As businesses, governments and academic institutions increasingly rely on data when making decisions, a key issue for these bodies is addressing the skills gap that exists in the field of data science.
The LSE Data Science Institute (DSI) is proud to offer new undergraduate courses for 2021/22 as part of a range of data science study opportunities at LSE that equip students, researchers and executives with the skills they need to tackle business, science and social questions from a data perspective.
One of these new DSI undergraduate modules is DS202 - Data Science for Social Scientists, which is led by Dr Julio Amador Diaz Lopez.
This module extends the foundation of probability and statistics with an introduction to the most important concepts in data science and applied machine learning, with social science examples.
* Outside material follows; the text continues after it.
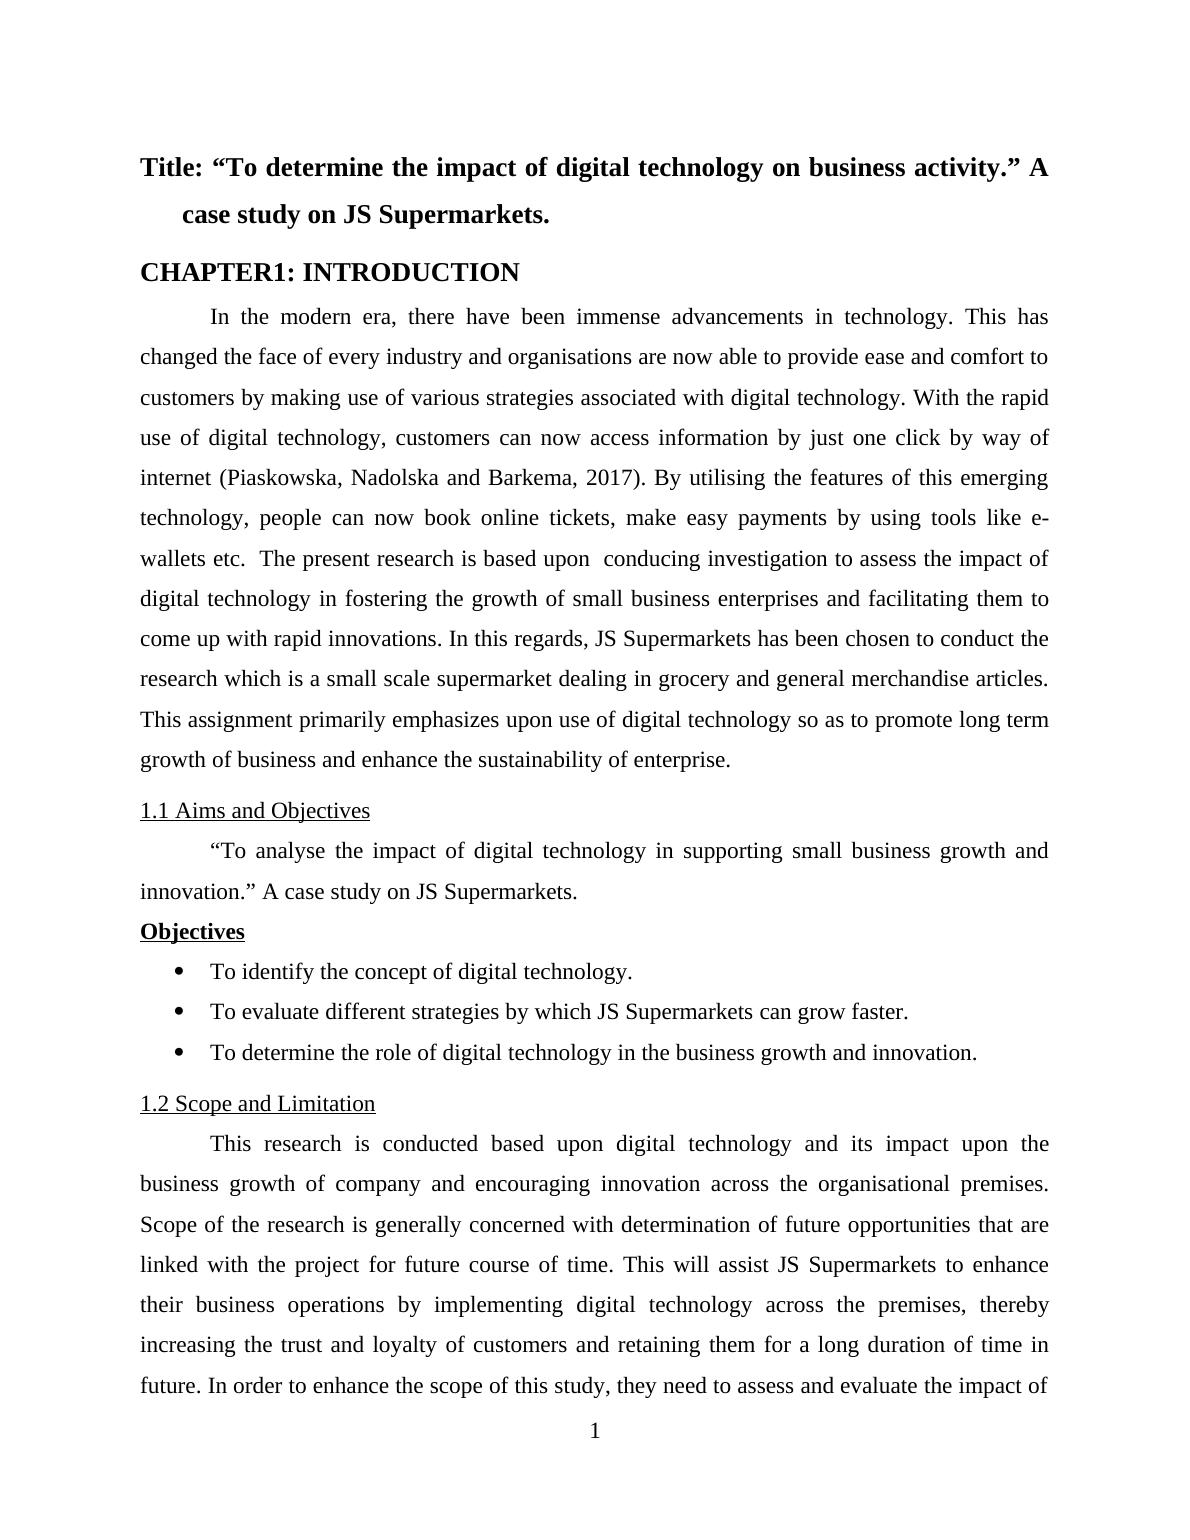 Impact of Digital Technology on Business Activity : Case Study_3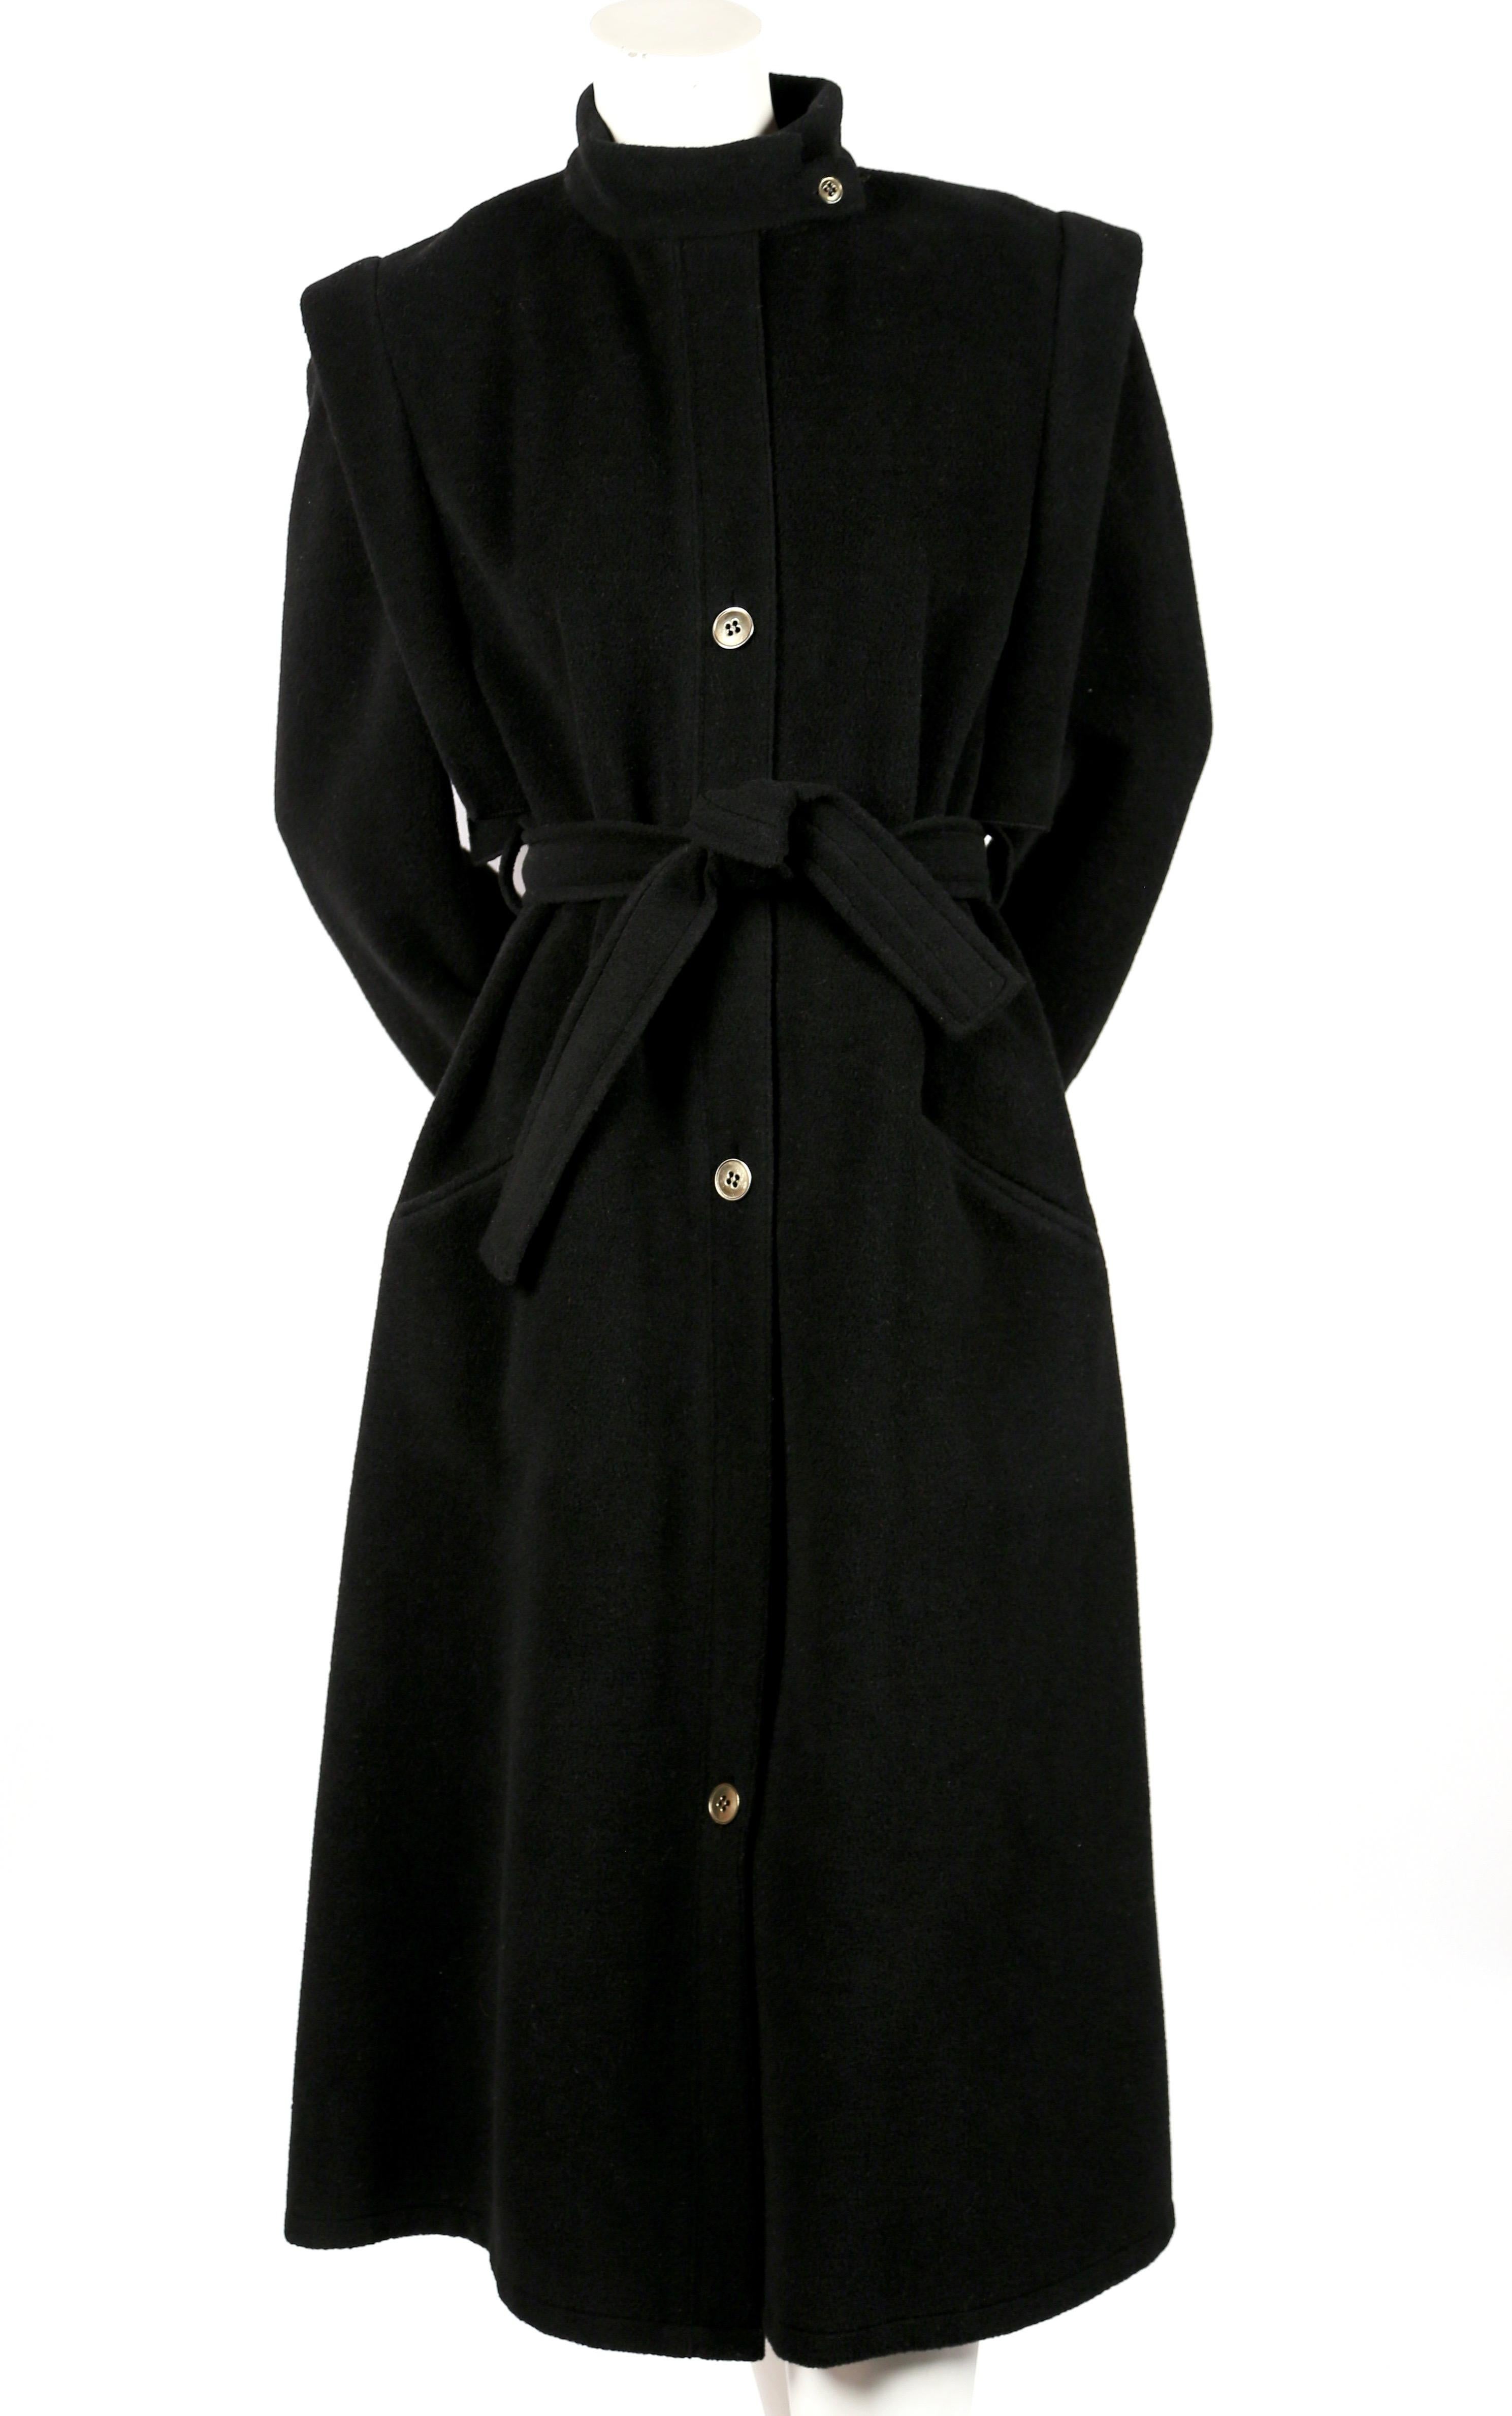 Uniquely shaped, black wool coat with structured shoulders and metal buttons designed by Sonia Rykiel for Henri Bendel. No size is indicated however this would fit a size 2-6 depending on fit. For reference, the coat was photographed on a size 2

In this data science spotlight, Julio offers a reflection on teaching DS202 so far, asking the question "What makes a good data scientist?".
What makes a good data scientist?
Dr Julio Amador Diaz Lopez
Nowadays, data science is everywhere.
As businesses, governments and academic institutions increasingly rely on data-driven decision-making, many people from different backgrounds and formations now consider themselves data scientists.
However, as is the case with everything, simply doing data science does not necessarily translate into doing good data science.
So, what makes good data science? I think that this can be explained in three points:
Understand your task.
The main problem with data science is that, quite often, people do not understand what to do. Many practitioners use the 'spaghetti on the wall' procedure: they throw all the spaghetti and simply see what sticks. However, this method is unlikely to even begin to address their problems, as it does not consider the question of 'what is my aim?'.
Understand your data.
Most of the time spent as a data scientist is spent wrangling with data. In fact, 80% of the work of a good data scientist is to 'get intimate' with your data. Knowing your data allows you to understand what types of questions you might be able to use it to answer. Most importantly however, it also allows you to understand which answers you cannot extract from it.
Have an intuition to what your algorithms are doing.
The reason for many practitioners to resort to using the 'spaghetti-on-the-wall' procedure, is because they know how to implement it with code. Indeed if they do it repeatedly, they might obtain some answers (although whether those are the right answers or the right questions is another story). As the old data-scientific adage says: if you torture data long enough, it will speak. Not having an intuition of what your algorithms are doing or how they operate misses the mark on applying data science.
These principles align with LSE's motto rerum cognoscere causas, taken from Virgil's Georgics. Its English translation is "to Know the Causes of Things" which provides the foundation to the work of a good data scientist. We have applied these principles to ouur new undergraduate course DS202 in order to educate in good data science. We have been very impressed with students' progress thus far.